Unter der Perspektive „Jägerstätter und sein Glaube“ hat der italienische Politologe Cesare G. Zucconi eine Biografie über Franz Jägerstätter verfasst, die soeben auf Deutsch erschienen ist. Das Buch hebt sich von Jägerstätter-Interpretationen deutlich ab, die in ihm mehr den Widerstandskämpfer und politischen Martyrer sehen. Als Basis für die Lebensbeschreibung Jägerstätters dienen Zucconi die gründlich recherchierten Arbeiten (Biografie und Briefwechsel) der Jägerstätter-Forscherin Erna Putz. Mithilfe ihrer Bücher gelingt es ihm in hervorragender Weise, das Leben Jägerstätters interessant zu präsentieren und durch die treffend ausgewählten Zitate aus Jägerstätters Briefen und Aufzeichnungen die entscheidenden Phasen seines Lebens klar zu markieren.

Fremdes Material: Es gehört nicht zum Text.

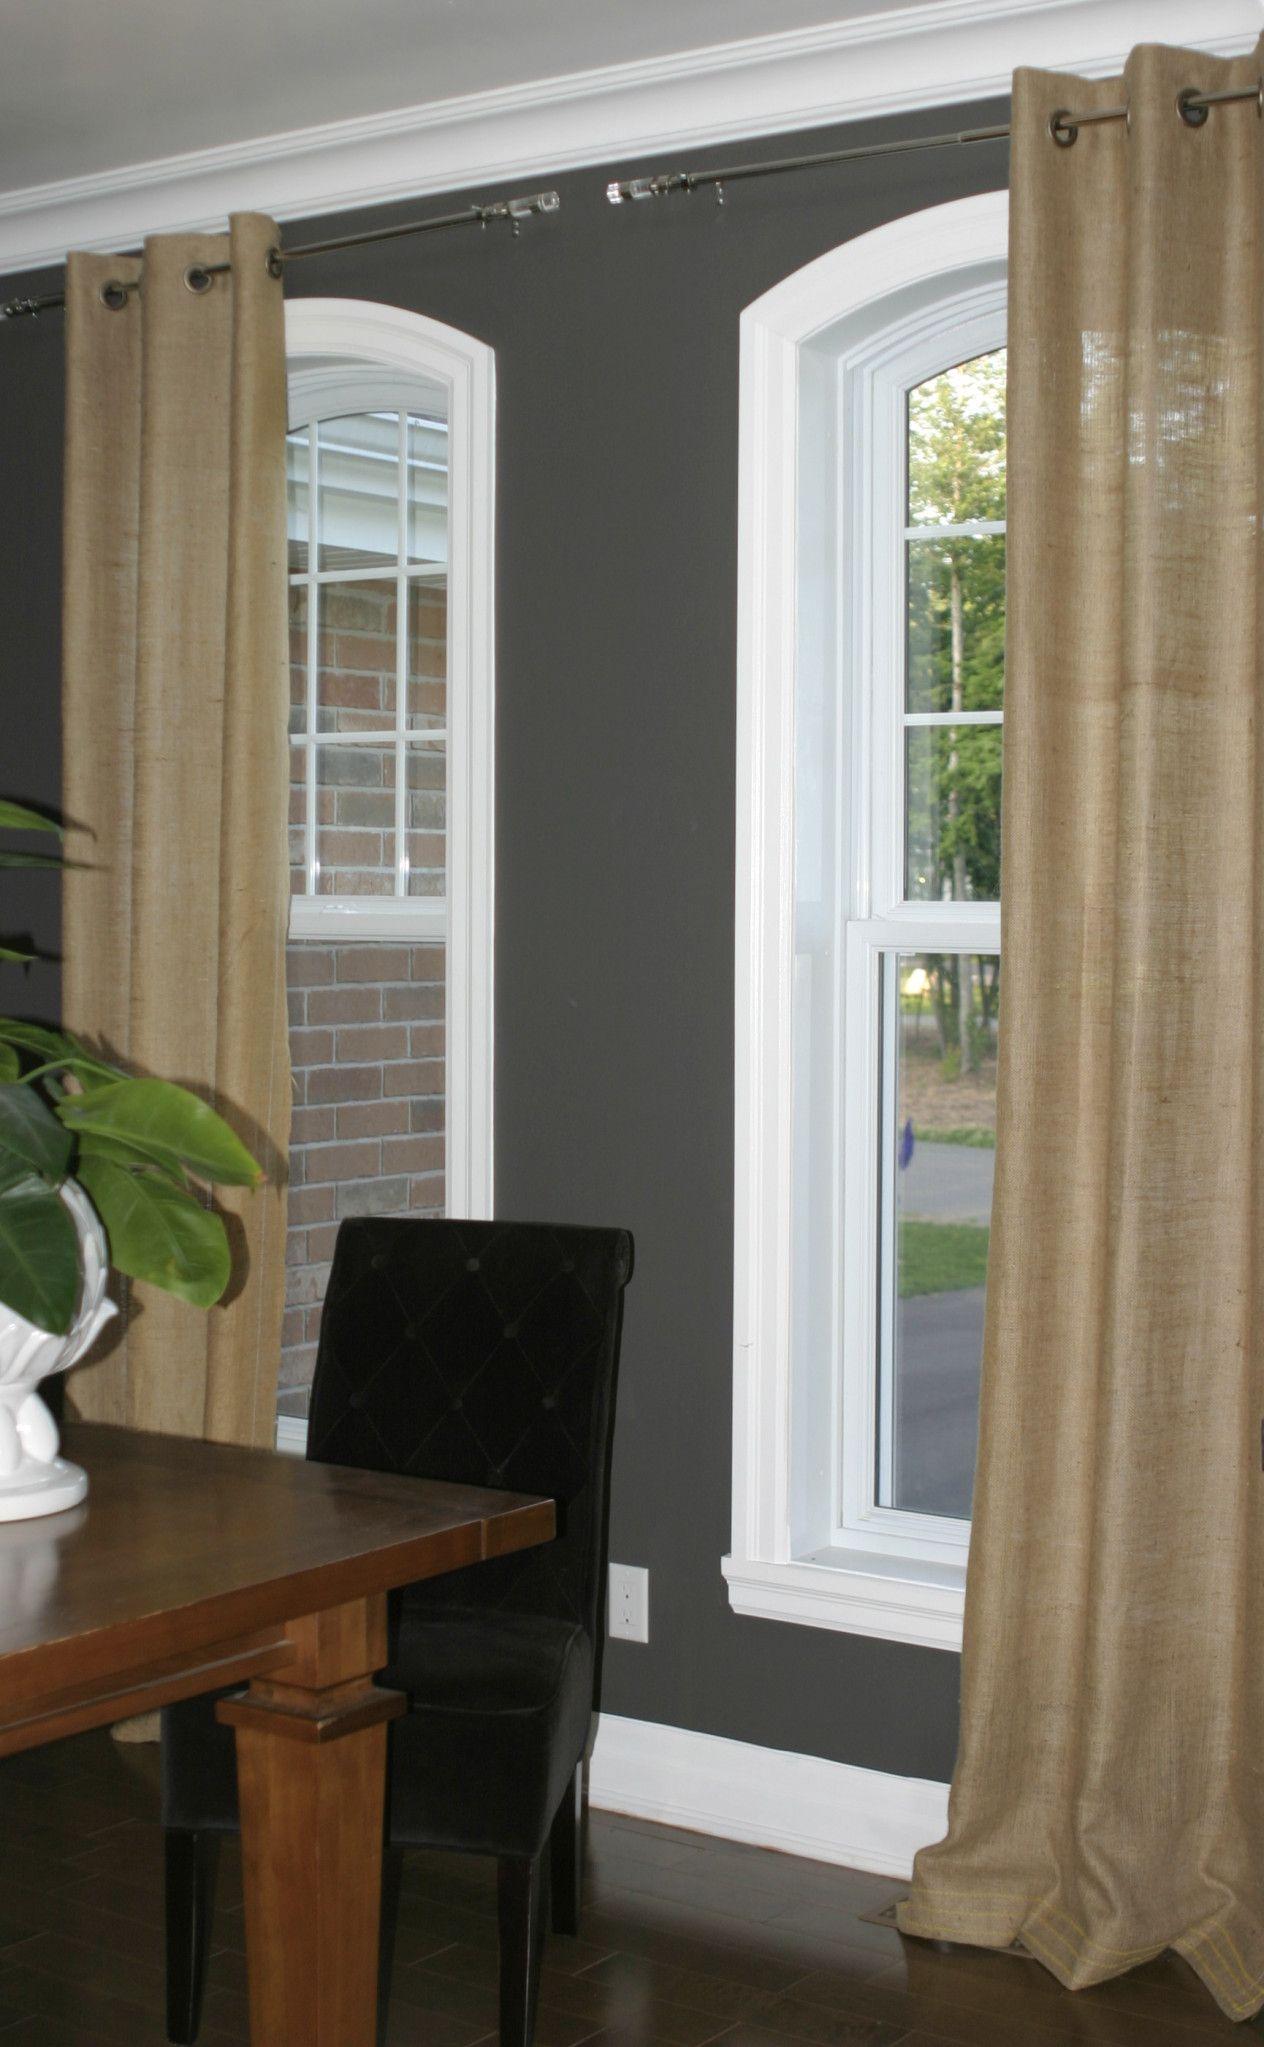 No curtain window ideas  burlap curtains dining room  new place  pinterest  hessian room

Schade nur, dass sich eine Reihe von kleineren, aber doch störenden Fehlern bei den Fakten eingeschlichen haben: Jägerstätter ist nicht in der Kirche von St. Radegund begraben, Franz von Assisi ist nicht sein Namenspatron und unter seinen Broschüren findet sich auch keine Kleinschrift über Therese von Lisieux.
Befreiendes Gebet. Zucconi geht besonders der Frage nach, warum Franz Jägerstätter den Kriegsdienst verweigert hat und woher er die Kraft dazu nahm. Für den Bauern aus St. Radegund war der Nationalsozialismus nicht nur eine politische Kraft, sondern „die Macht des Bösen“. Hitler griff nach den Seelen der Menschen. Darum ging es für Jägerstätter nicht nur um die Verweigerung des Kriegsdienstes, sondern gewissermaßen um einen spirituellen Kampf zwischen Gut und Böse (Seite 196), so Zucconi: Jägerstätters Kraft zum Widerstand lag allein im Glauben und in seiner Ausrichtung auf Gott. Nicht ob Jägerstätter eine Handlung vor sich selbst verantworten könne, war die Frage, sondern ob sein Handeln gottgefällig ist (Seite 203). Das Seelenheil ist ihm wichtiger als alles andere. Der geistige Kampf um die Gewissen und Herzen der Menschen, die vom bösen Geist des Nationalsozialismus verschluckt wurden, war nur mit geistigen Waffen zu führen, mit dem Gebet, erklärt Zucconi. Es ist in dieser Situa- tion für Jägerstätter der Schlüssel zur innerlichen Befreiung: Es nimmt die Angst. Zucconi weist darauf hin, dass die Fähigkeit, die Menschen in Angst zu halten, die stärkste Waffe der Nationalsozialisten war.
Linzer Bischofskandidaten für Wien. Kirchengeschichtlich hochinteressant ist ein Kapitel Zucconis über die österreichische Kirche in den dreißiger Jahren. Er wertet dazu den Briefverkehr der Nuntiatur in Wien mit dem Vatikan aus, der erst seit Kurzem zugänglich und kaum bekannt ist. Dort ist unter anderem die Suche nach einem Nachfolger des 1932 verstorbenen Wiener Kardinals F. G. Piffl dokumentiert. Der Vatikan schlägt den Linzer Bischof Gföllner vor, auch von dem Nazi-Sympathisanten A. Hudal ist die Rede, ebenso von dem hoch geschätzten Linzer Regens W. Grosam. Schließlich fällt die Wahl auf Th. Innitzer, den ein Nunitus noch einige Jahre vorher als „gut, aber schwach“ charakterisierte.